Abbreviations: HCDR3; heavy chain complementarity-determining region 3; NGS, next-generation sequencing.

Schematic representation of next-generation sequencing and two-step linker PCR. The structure of scFv gene, CDRs and frameworks of variable regions are indicated by colored boxes. (a) For NGS analysis, most of VH region including HCDR3 was amplified and sequenced using specific primers as described in materials and methods. The sequencing coverage is indicated with dashed lines. (b) To retrieve scFv gene, two-step linker PCR was performed using primers annealing to HCDR3, LFR1 and HFR4. The first step of PCR was performed using LFR1_F and HCDR3_R primers and HCDR3_F and HFR4_R primers. The linker PCR was performed using LFR1_F and HFR4_R primers.

Binding reactivity of scFv antibodies retrieved from selected HCDR3 amino-acid sequences in each cluster using NGS. (a) scFv library 1, (b) scFv library 2 and (c) scFv library 3. ANOVA with Turkey's multiple-comparison test was used to compare cluster 1 with other clusters. In library 3, the P-value was calculated using the Mann–Whitney U-test. *P-value <0.05; **P-value <0.01; ***P-value <0.001. ANOVA, analysis of variance.

Discussion

Phage display technology is commonly employed in the development of therapeutic antibodies.²³ One of the major drawbacks of phage display technology lies in the fact that some clones become dominant through the bio-panning process, and frequently, only limited numbers of clones became available at the end of the screening.¹⁶ In this study, we showed that NGS analysis provided not only all of the HCDR3 sequences of clones identified using the conventional colony screening method but also new HCDR3 sequences. The proportion of HCDR3 sequences found by the conventional colony screening method varied from 0.01 to 6.49% of the HCDR3 sequences identified by NGS analysis (Table 1). There was no significant correlation between these two proportions.

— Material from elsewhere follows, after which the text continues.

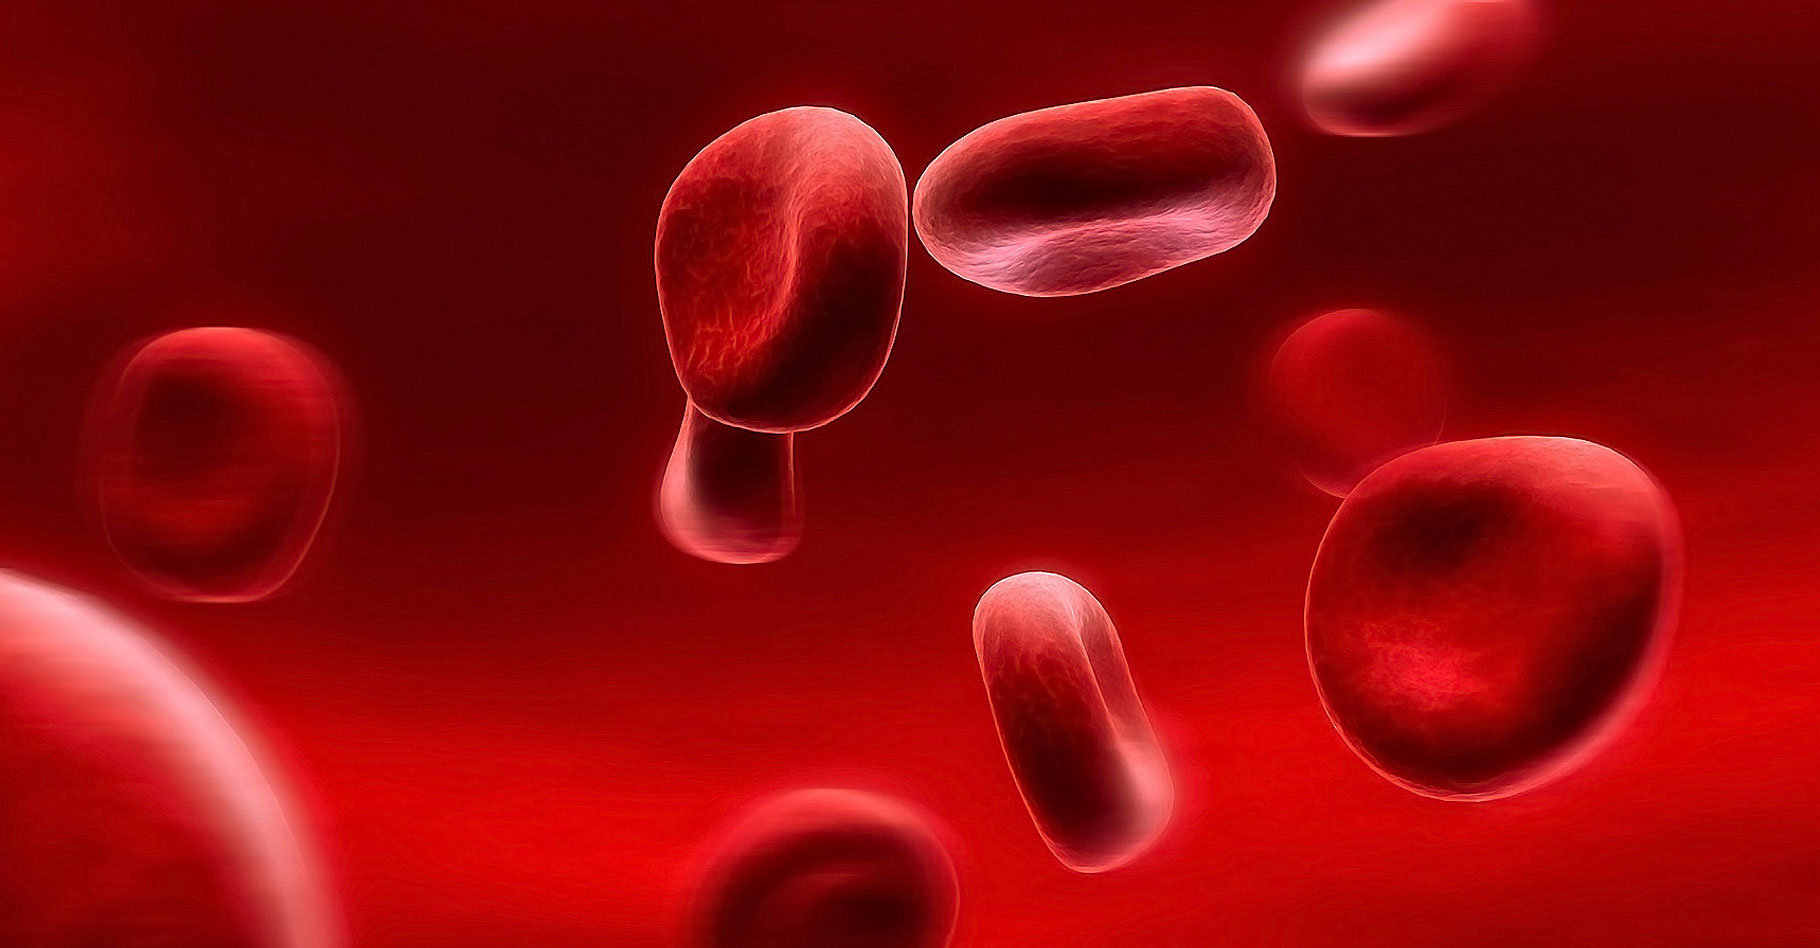 Le sang circule dans les artères. © Zhouxuan - CC BY-SA 2.0

After we successfully retrieved the entire scFv gene via two-step linker PCR using PCR primers designed based on the HCDR3 sequences from NGS, we measured the binding reactivity of these antibody clones. Of the 40 clones retrieved from the phagemid DNA pool prepared after the fourth round of bio-panning, positive binding reactivity was confirmed in 26 clones. Four clones in library 1 and one clone in library 3 exhibited a proportion of >1% among the HCDR3 sequences obtained after the fourth round. The proportion of two positive clones in library 1 and library 3 were 2.16 and 4.79%, respectively. All these clones successfully formed colonies after the retrieval process. Why these clones with such high proportions were not identified in the conventional colony screening method is not clear; however, it might be caused by either inherent toxicity with phage assembly or interference from bacterial growth.^{6, 24}

Among the clones retrieved, thirteen clones with proportions less than 0.1% showed binding reactivity. Two of the positive clones were present at a proportion of 0.01%. Theoretically, screening for a clone with such low proportions via the conventional colony screening method requires either 1000 or 10000 positive colonies and Sanger sequencing analysis, which would require significant resources of time and cost.

Many scFv clones prove difficult to identify by the conventional colony screening method from the phage pool obtained after bio-panning, and a method for retrieving these scFv clones in a high-throughput way has not yet been developed. Using currently available NGS tools, it is not possible to sequence the entire scFv gene, which is about 750 bp in length, without error. Our study and the other previous studies^{6, 13} have proved that the scFv gene can be amplified by PCR primers designed based on HCDR3/FR4 sequences. However, there is always the possibility of cross-priming between clones during the PCR process. In this study, we also confirmed that clones retrieved via two-step linker PCR are typically a mixture of both negative and positive clones.

We also proved that when a certain HCDR3 sequence was enriched through the bio-panning process, the clone with the HCDR3 is more likely to be positive; in this study over 80% (21 out of 26 clones) (Table 4). Monitoring the enrichment or impoverishment pattern of HCDR3 during the bio-panning process might increase the efficiency of retrieving clones from NGS analysis. However, this two-step linker PCR and cloning process is very difficult to perform in a high-throughput manner and there is definitely a need for better way to retrieve whole scFv gene.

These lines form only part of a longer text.